- Gavineh Rud Location within Iran
- Coordinates: 37°34′01″N 47°32′55″E﻿ / ﻿37.56694°N 47.54861°E
- Country: Iran
- Province: East Azerbaijan
- County: Torkamanchay
- District: Sowmaeh
- Rural District: Gavineh Rud

Population (2016)
- • Total: 340
- Time zone: UTC+3:30 (IRST)

= Gavineh Rud =

Village in East Azerbaijan province, Iran

Gavineh Rud (گاوينه رود) (Note: Also romanized as Gāvīneh Rūd; also known as Kavan Rūd and Kāvīneh Rūd) is a village in, and the capital of, Gavineh Rud Rural District in Sowmaeh District of Torkamanchay County, East Azerbaijan province, Iran.

==Demographics==
===Population===
At the time of the 2006 National Census, the village's population was 415 in 85 households, when it was in Barvanan-e Sharqi Rural District of Torkamanchay District (Note: Renamed the Central District of Torkamanchay County) in Mianeh County.
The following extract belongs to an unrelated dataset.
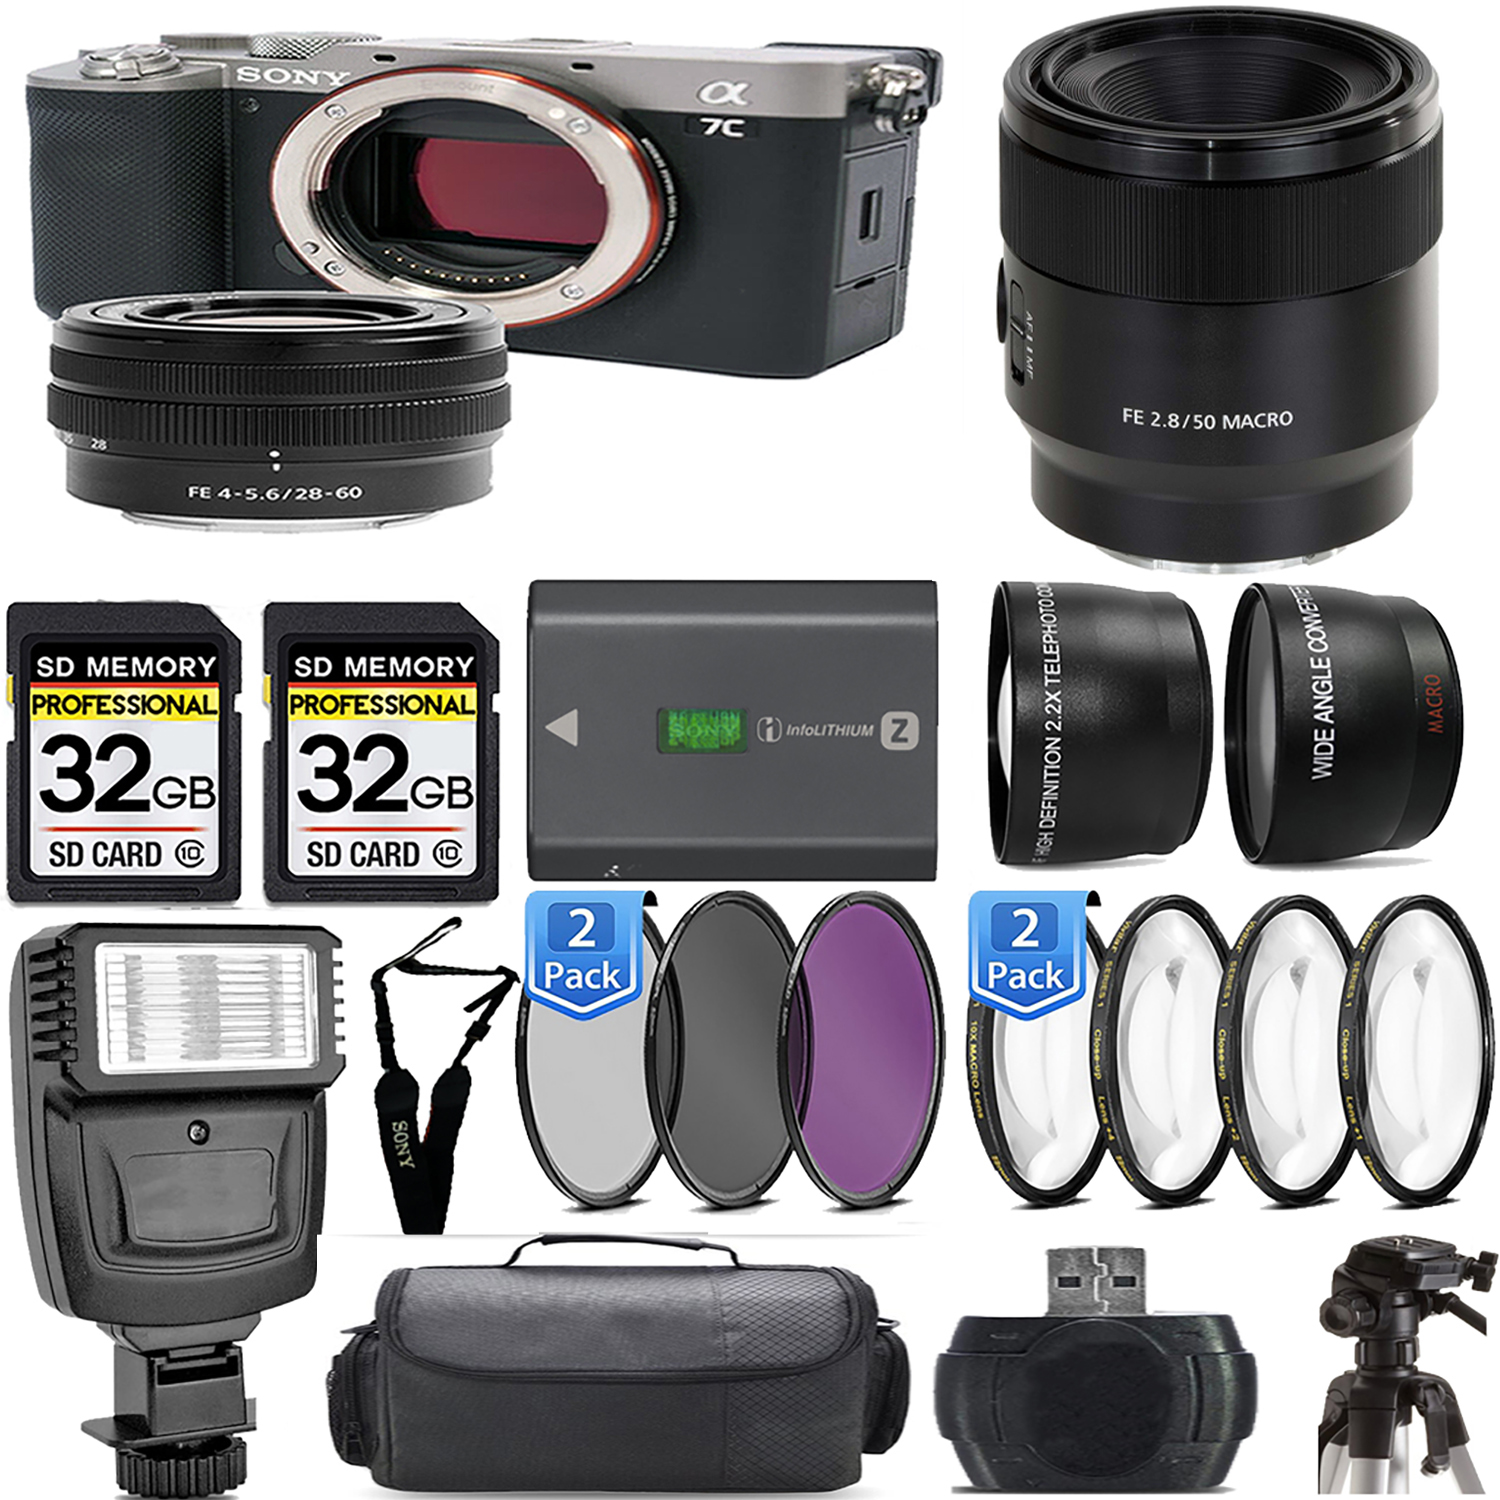 Alpha a7C Camera (Silver) + 28-60mm Lens + 50mm f/2.8 Macro Lens + Flash - Kit *FREE SHIPPING*

The following census in 2011 counted 318 people in 76 households. The 2016 census measured the population of the village as 340 people in 110 households.

In 2024, the district was separated from the county in the establishment of Torkamanchay County and renamed the Central District. Gavineh Rud was transferred to Gavineh Rud Rural District created in the new Sowmaeh District.